Are any of the characters drawn from people you know?
No, not entirely. All authors say that their characters are composites of people they know and I agree that this can happen. I think that Lindy has characteristics of myself, but so does her mother - because I am a daughter and a mother! Writing Lindy was the hardest thing I have ever had to do, to be honest. I think that in early drafts I saw her as an extension of myself and therefore I could not settle on how to portray her. Would she be downtrodden or feisty? Acquiescent or stubborn? Early readers of my first drafts (including the author Melvin Burgess, who gave me a masterclass as part of my MA!) picked up on this hesitancy. It took a couple of years and many revisions to settle on this version of her.
Did you have to do a lot of research into the 1800s and the cholera epidemic? Is that a period of history that always interested you?
I don't know why but I have always been drawn to the Victorian era. I love the literature from that time, especially the Romantic poets, Charles Dickens, Jane Austen (she just about squeezes into it!), Henry James, Mary Shelley, the Gothic, etc. For me, what is so appealing is the stark juxtaposition of those who were trying to rationalise everything into scientific explanations, and those who were clamouring to protect the natural world and insist that mankind could not dominate it. This is seen most clearly in Shelley's Frankenstein - the Dr is so determined to go against the laws of nature and produce something incredible - but it eventually turns against him because you can't mess with nature. So, you've got a lot of fascinating developments in science going on alongside writers, like MR James, who are trying to scare people silly with stories that defy all reason.
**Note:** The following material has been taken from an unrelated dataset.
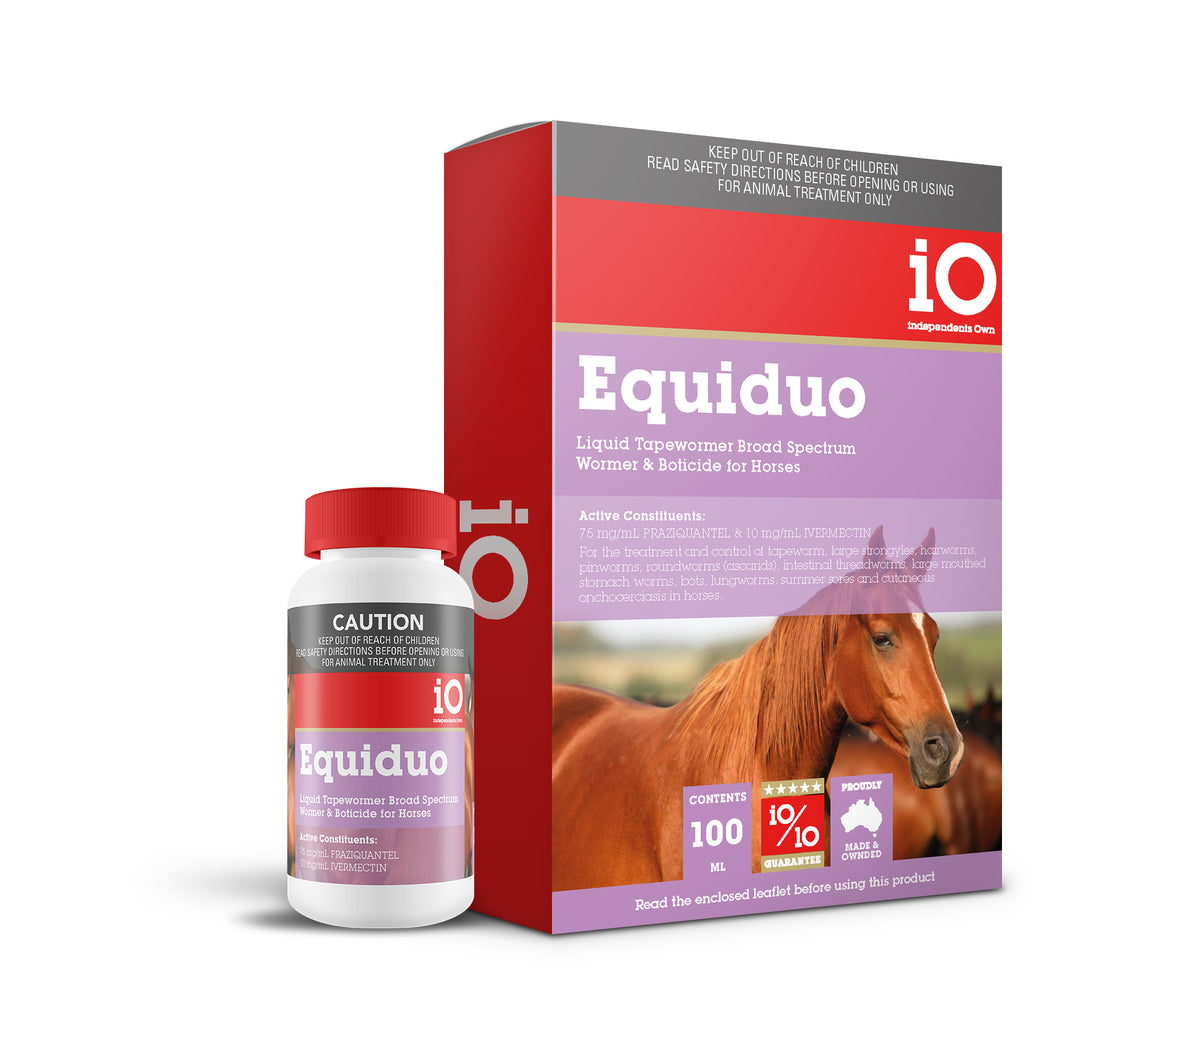 EQUIDUO LIQUID WORMER FOR HORSES

The idea for my story came about after reading about the Victorian art of making mourning jewellery out of a deceased person's hair. It disgusted me somewhat but it was fascinating, too. I then started wondering about what would happen if this memento mori would act as a conduit for the dead to communicate with the living, and I decided to explore that through a link between a girl in the present day and one in the past. I did lots of research on Victorian Oxford - the cholera plagues, how and where they started and what happened, newspaper articles from that time. I also visited the two graveyards mentioned in the book - they were created to help deal with the increasing number of dead people due to cholera outbreaks. The hardest thing is ensuring that the parts in which the Victorians speak sound genuine and not too stilted and of course not too modern!
I'm trying to stay spoiler free here, but that ending!!! Did you always plan to have that epilogue? And will there be a sequel?
At first I had a different ending - it's hard to explain without giving it all away! And then the current one came to me and I thought it would be a better fit. As for a sequel, I'd quite like to develop the story but it depends on how well this sells!
Finally, what is your all-time favourite cocktail?
It should be a Bloody Mary but I absolutely love a well-made Margarita.
Well, fingers crossed we get a sequel and here is a recipe for what I think is a very well-made Margarita! Since it's Halloween I've decided to try out a Blood Orange Margarita. Take a shaker and fill with ice. Add a shot of tequila, 1/2 shots of Cointreau, blood orange juice and lime juice, dash of Campari and dash of sugar syrup. Shake well and pour into a glass with a salt rim.